**Source data:**
═══
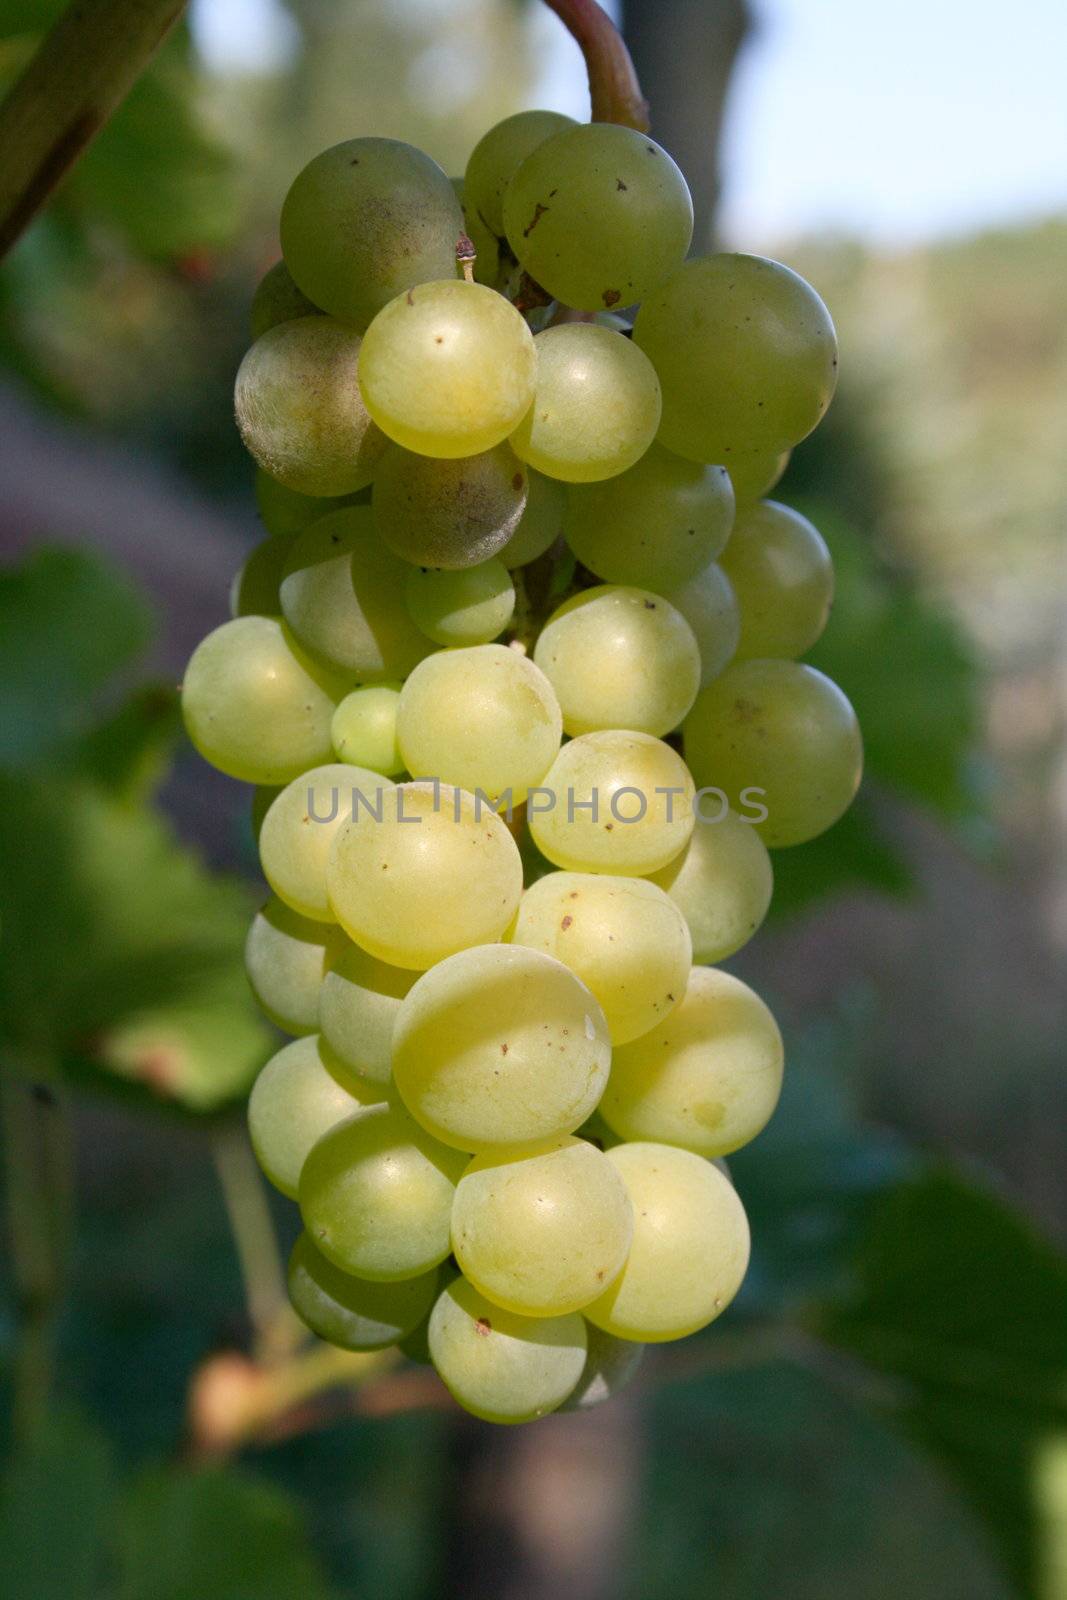 Trauben für Weißwein am Rebstock,bereit bereit zur Ernte  	
White wine grapes on the vine, ready Ready for harvest
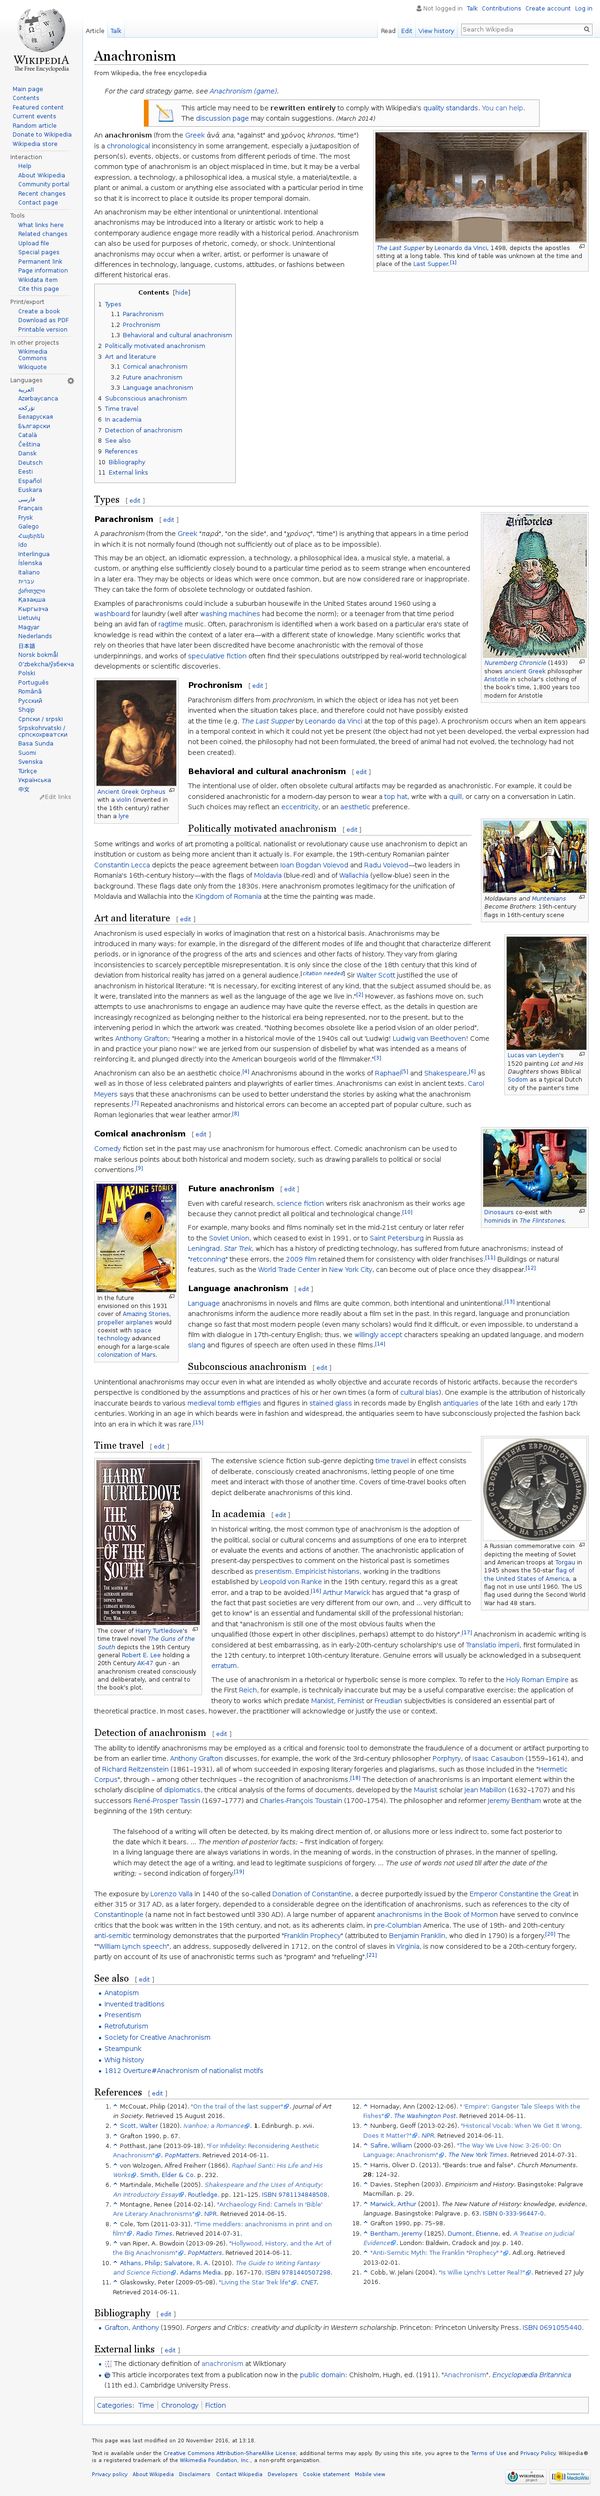 Anachronism - Wikipedia, the free encyclopedia
═══
Reproduce the material above in full and without alteration, but skip all pictures.

 Trauben für Weißwein am Rebstock,bereit bereit zur Ernte  	
White wine grapes on the vine, ready Ready for harvest
 Anachronism - Wikipedia, the free encyclopedia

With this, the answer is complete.